Standard neural networks can only model one to one relationships while RNNs are extremely flexible in terms of input-output structures which is one of the reasons they are so powerful. You can imagine something like one to many being used to feed in a single image from which a caption is sequentially produced or a many to one being used to feed in a sentence sequentially and give a single output describing the sentiment of the sentence.

![image](images/rnnlayouts.jpeg)

### Optimization
Surprisingly, with this increased complexity in structure, the optimization method does not become any more difficult. Despite having a different name, back-propagation through time, it is essentially the same thing. All you do is feed in your sequence sequentially to get the output, as usual. You then just calculate your error at each timestep and sum it as opposed to calculating the error at a single timestep like standard neural networks. Then you can use gradient descent to update your weights iteratively until you are satisfied with your network's performance.

RNNS are generally slower to optimize than standard neural networks as the output at each time step is dependent on the previous output so the operations cannot be parallelized.

For a long time it was considered difficult to train RNNs due to two problems called vanishing and exploding gradients. These problems also exist in standard neural network but are greatly emphasized in RNNs. However, modern techniques such as LSTM cells have greatly reduced this difficulty.

For this particular task, we will need to do quite a bit of pre-processing.
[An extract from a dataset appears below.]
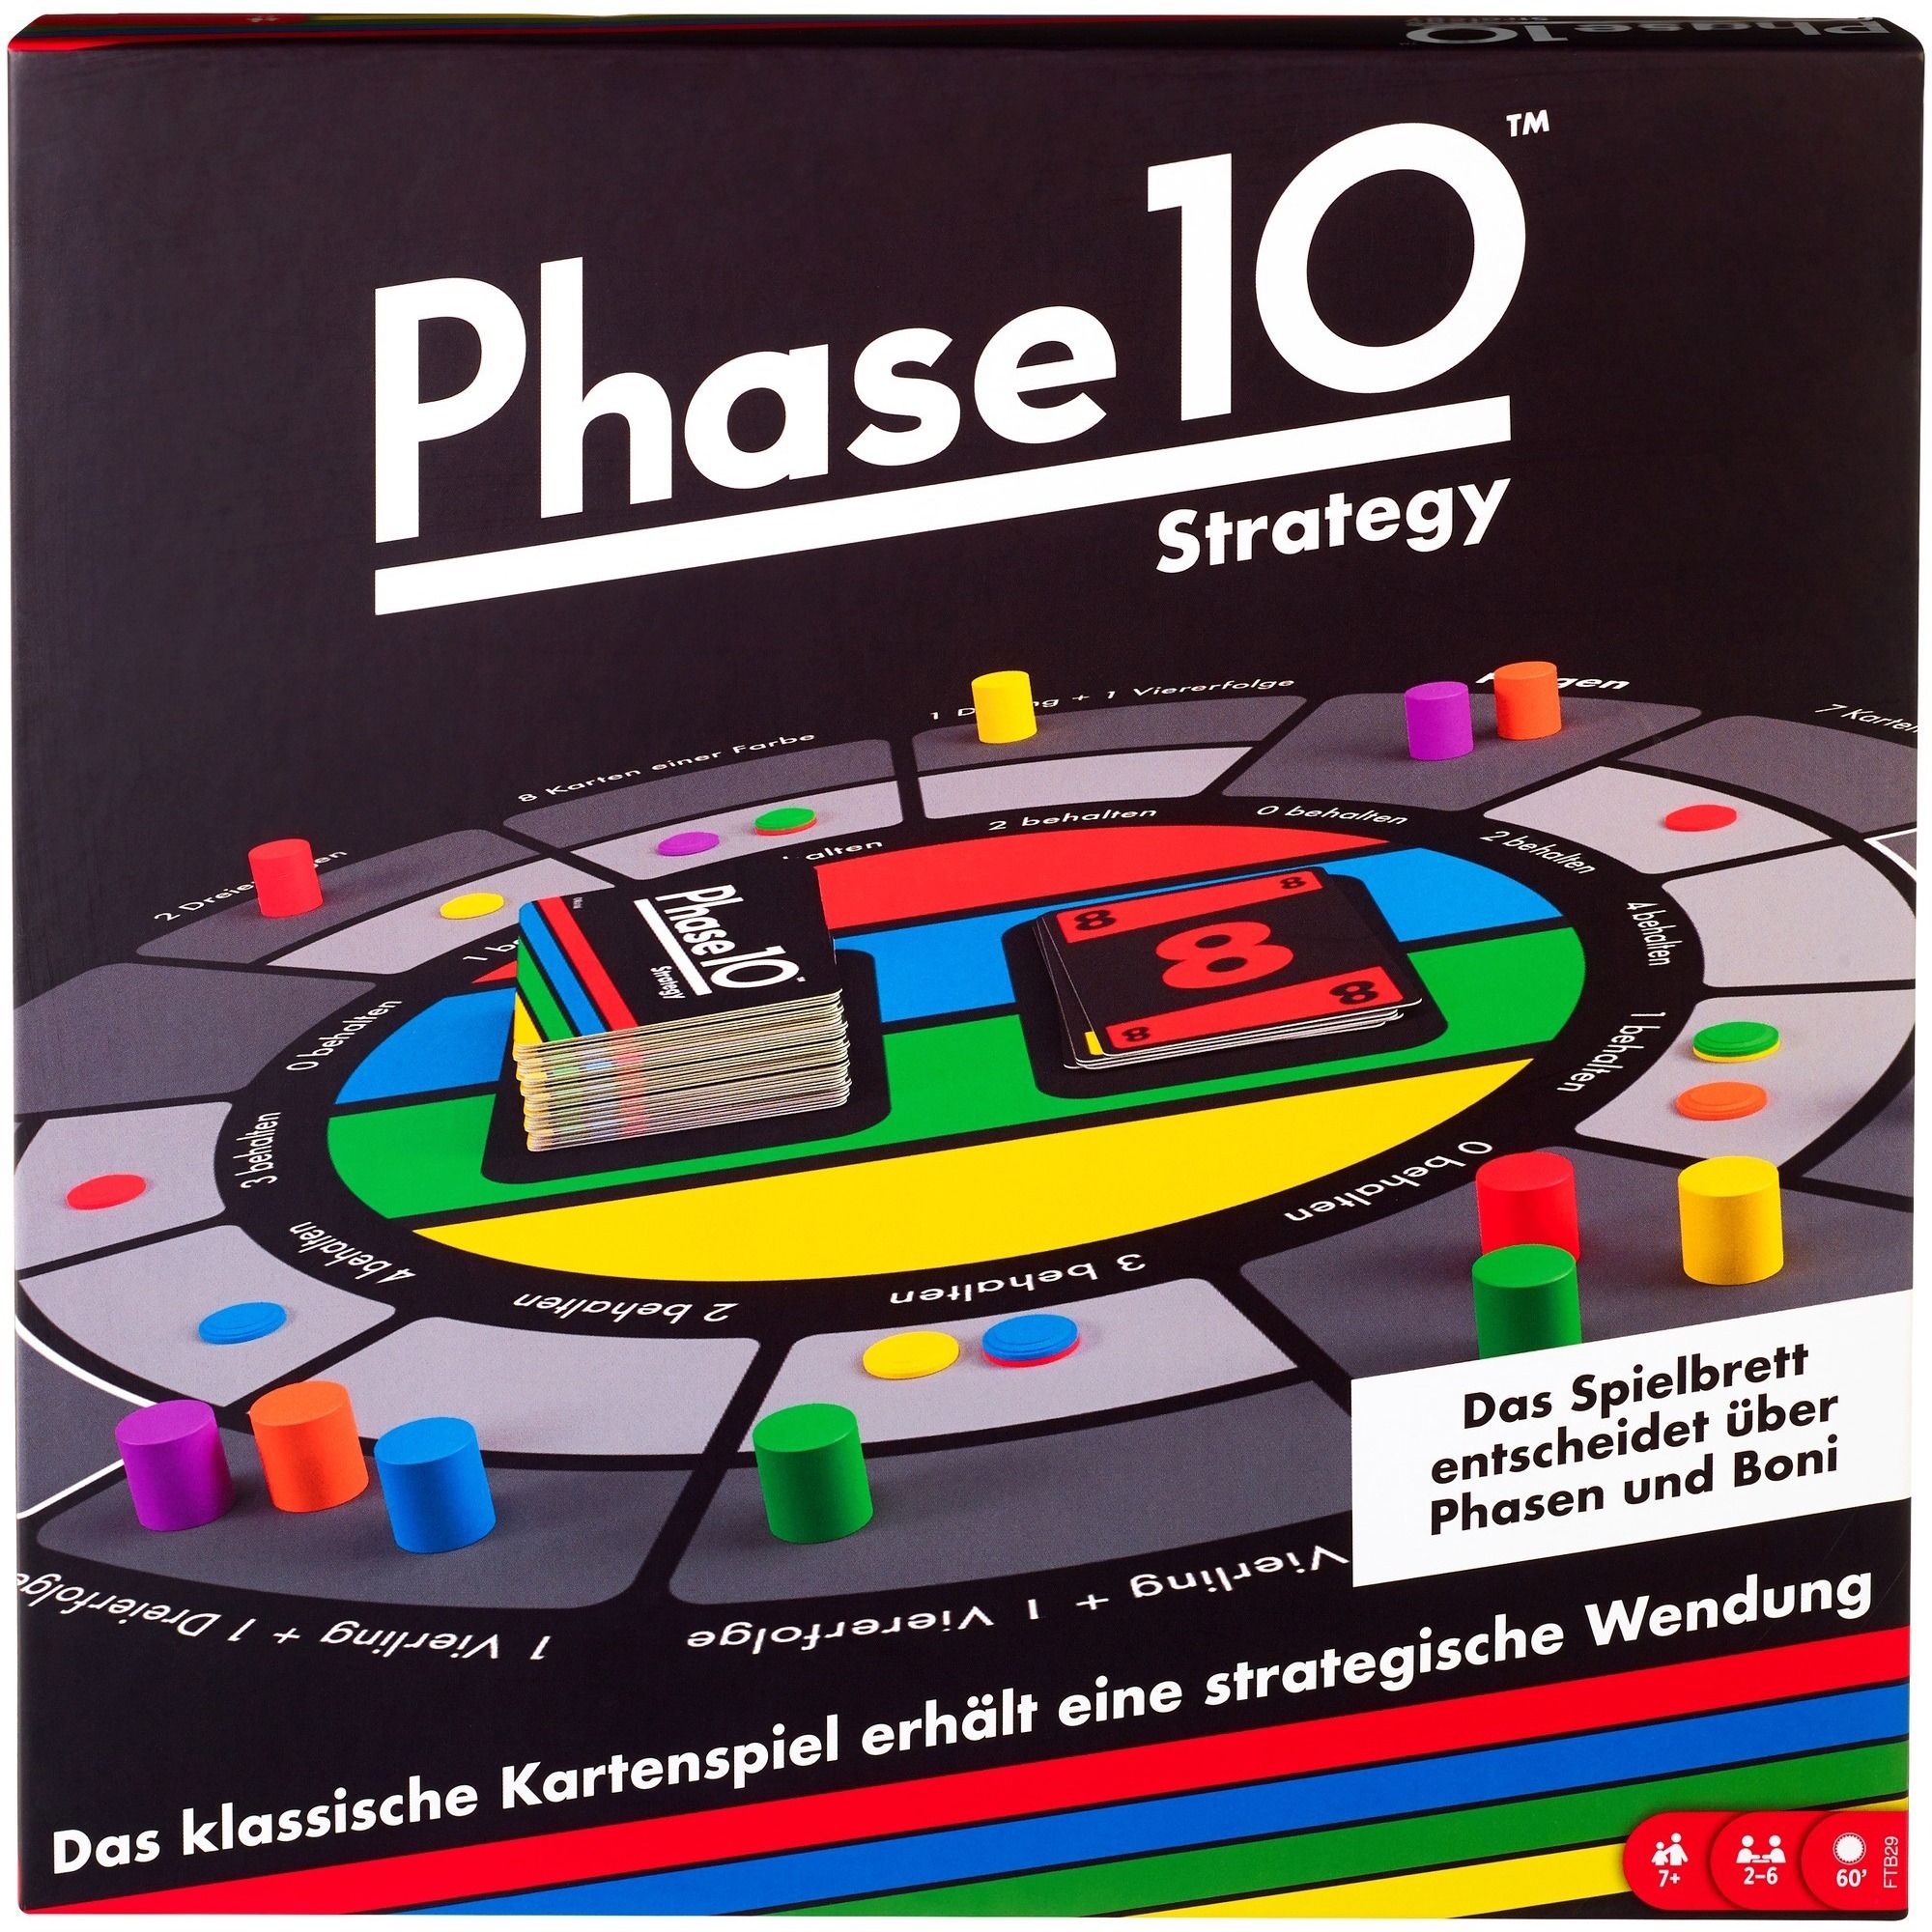 Image of Alternate - Phase 10 Strategy, Brettspiel online einkaufen bei Alternate

We need to find the number of unique characters in our training text and give each one a unique number so we can one-hot encode them.<br>
We start by reading the file, converting all letters to lowercase to reduce the number of characters we need to model, then defining a function which takes in the text and gives up back a dictionary mapping each letter to a unique number.

## Implementation
We are going to be implementing a one-to-one character level text prediction model. We will be sequentially feeding in a single character and asking our network to predict the next character as a time dependent function of all the characters that came before it.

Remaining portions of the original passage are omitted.